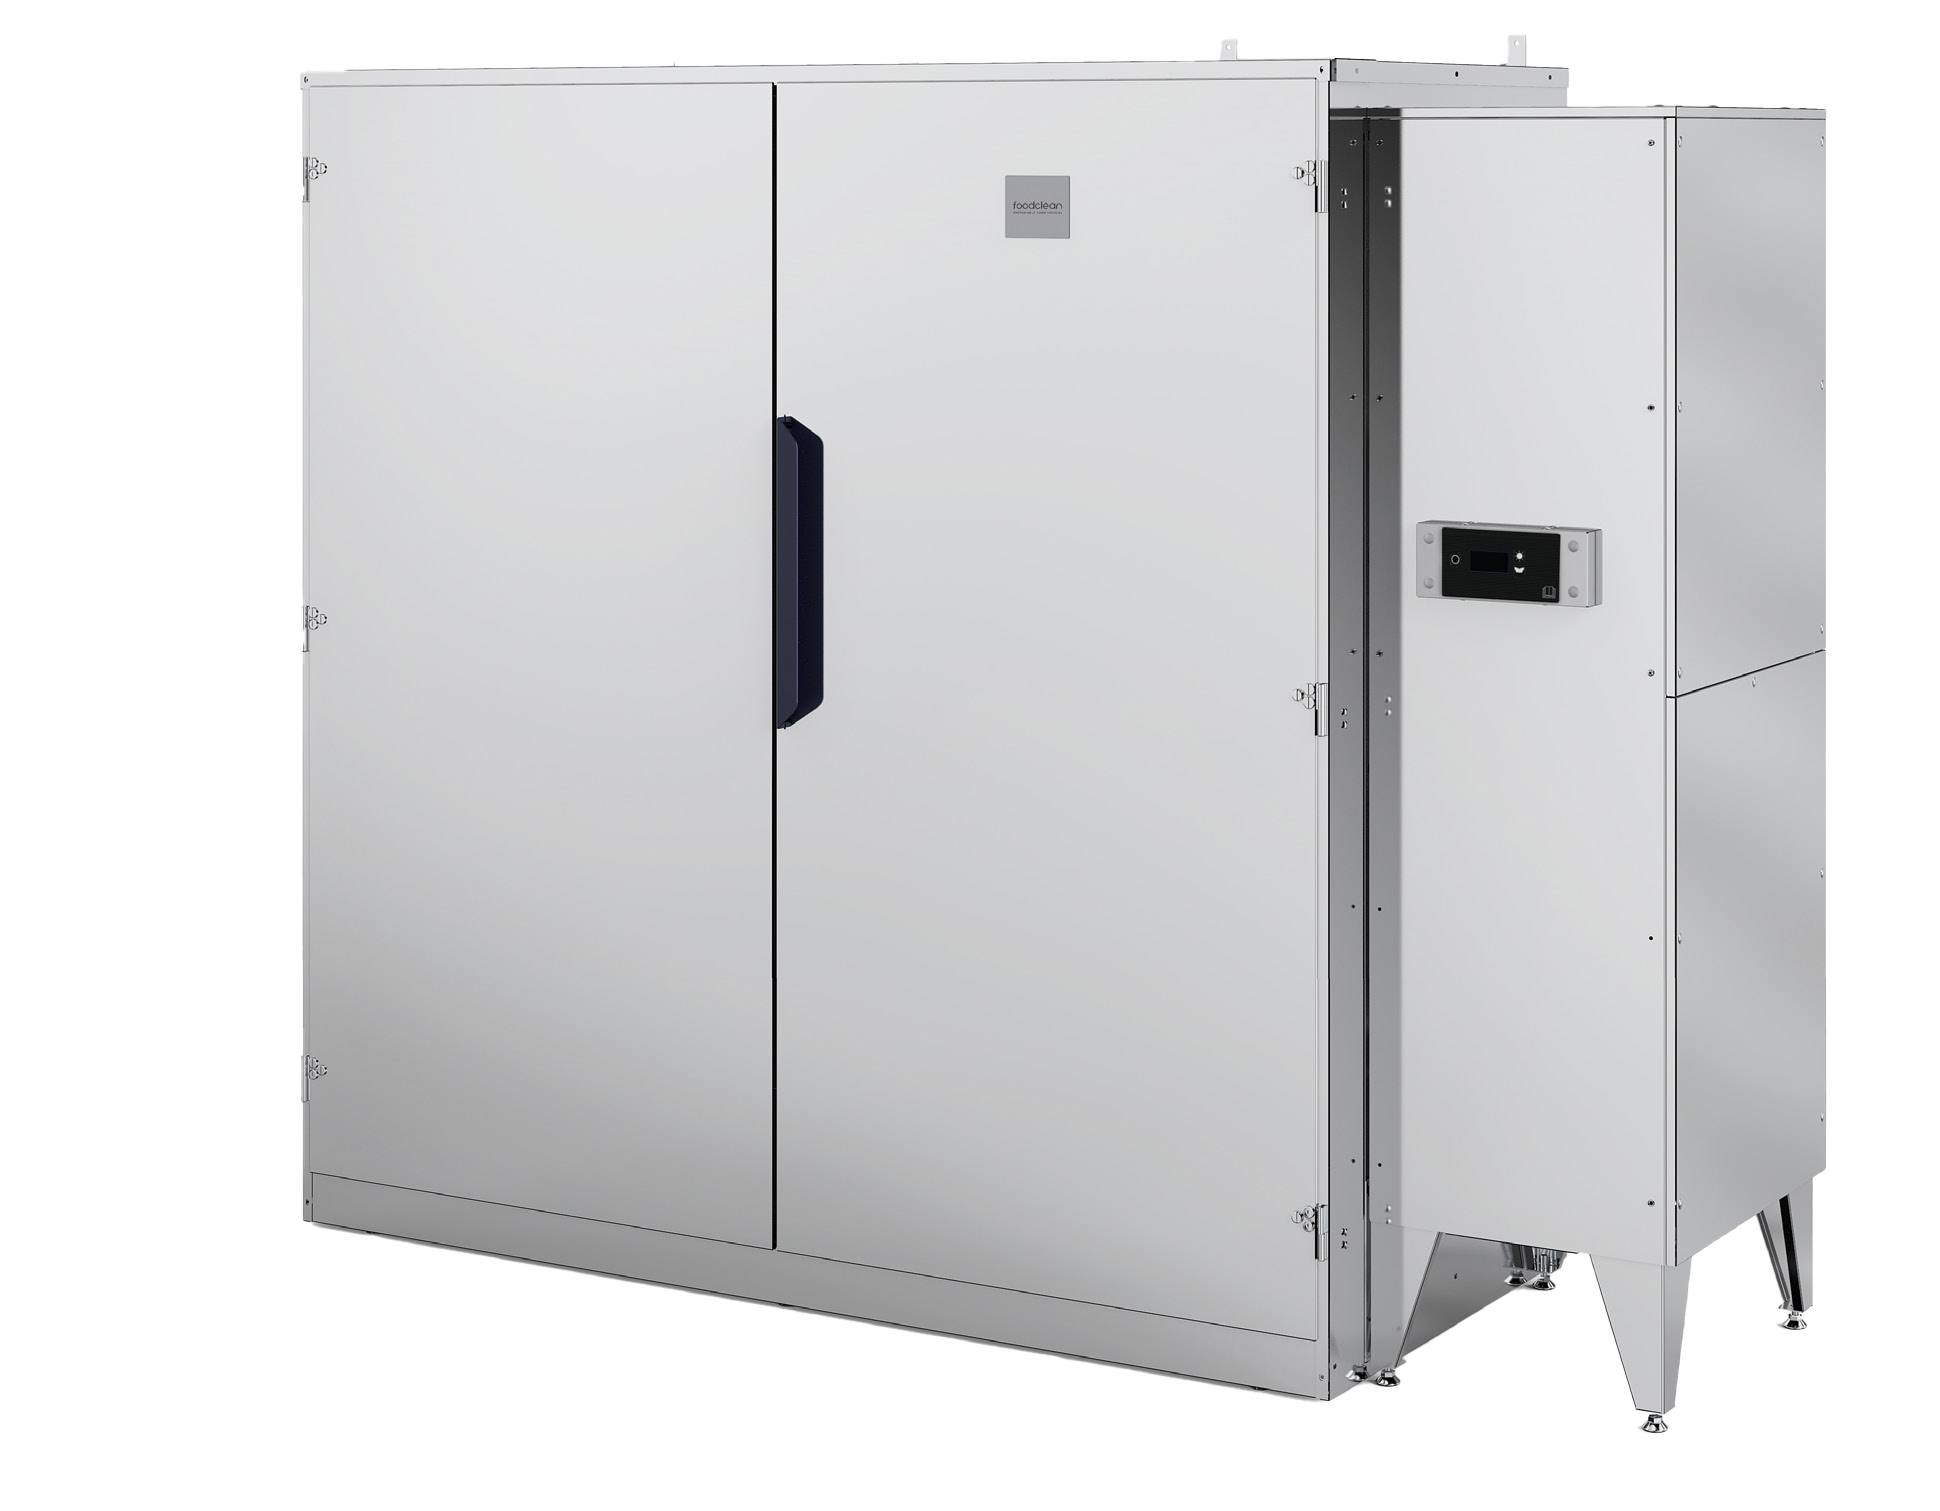 Supporting image for WashGuard Drying Cabinet 415v 10Kg Heat Pump Type
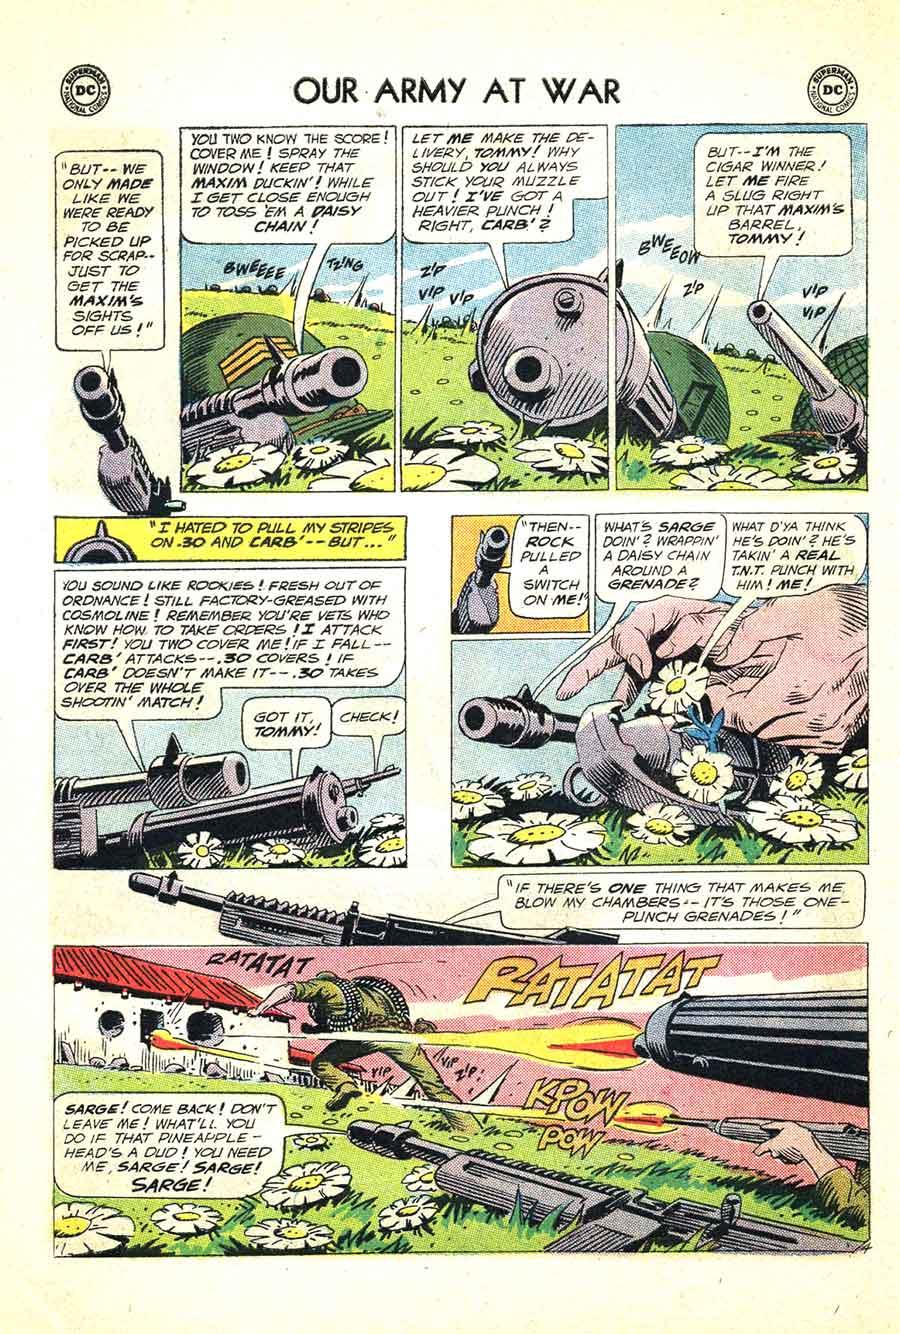 Our Army at War #146 dc 1960s silver age comic book page art by Joe Kubert
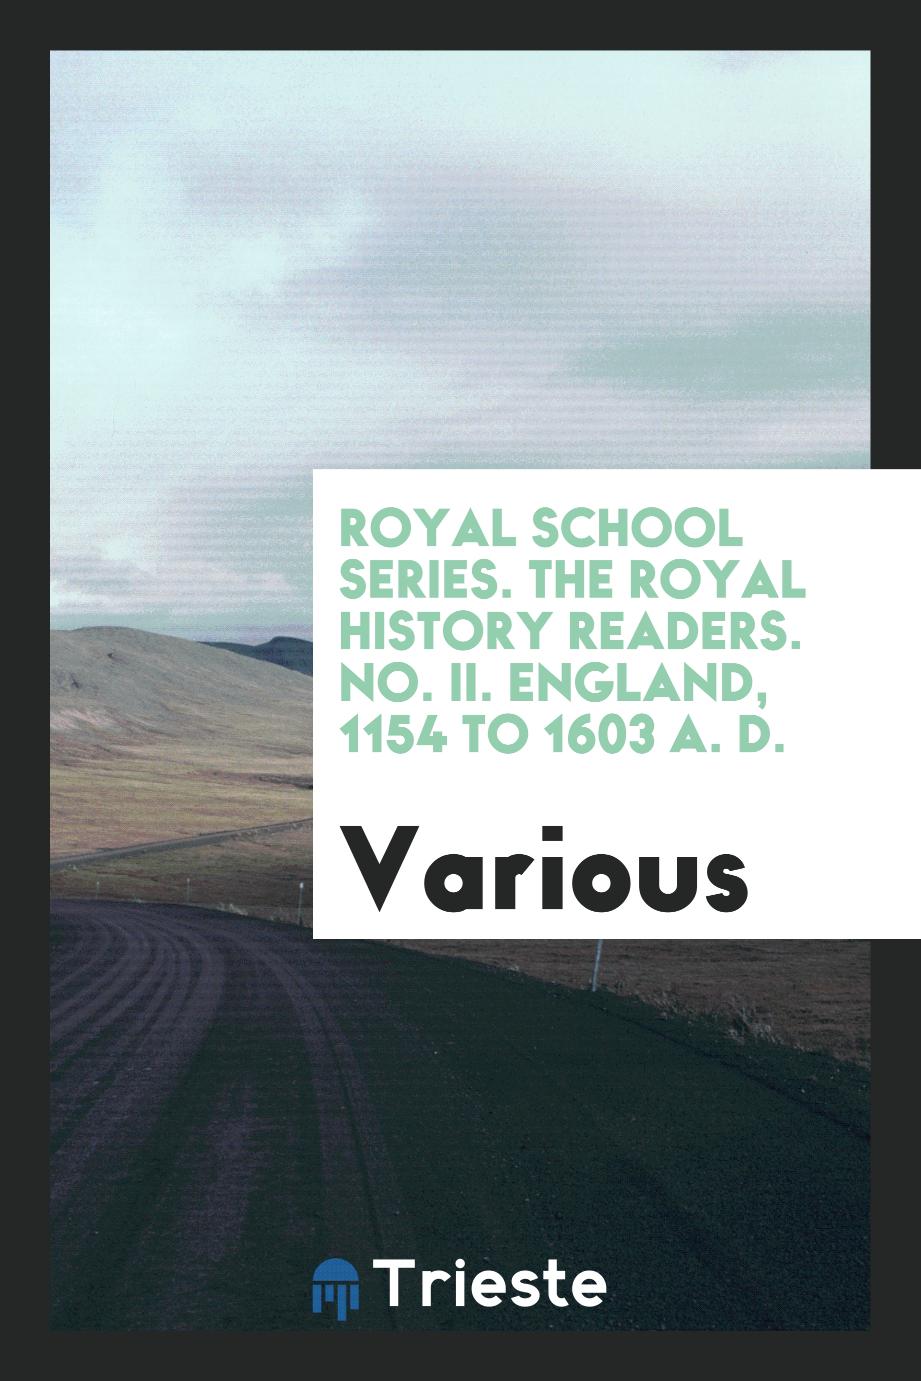 Royal School Series. The Royal History Readers. No. II. England, 1154 to 1603 A. D.

**Exercise requirements**
Omit the pictures and write out the lines above from the one with "Our Army at" through the last, unchanged.

**Output of the task**
 Our Army at War #146 dc 1960s silver age comic book page art by Joe Kubert
 Royal School Series. The Royal History Readers. No. II. England, 1154 to 1603 A. D.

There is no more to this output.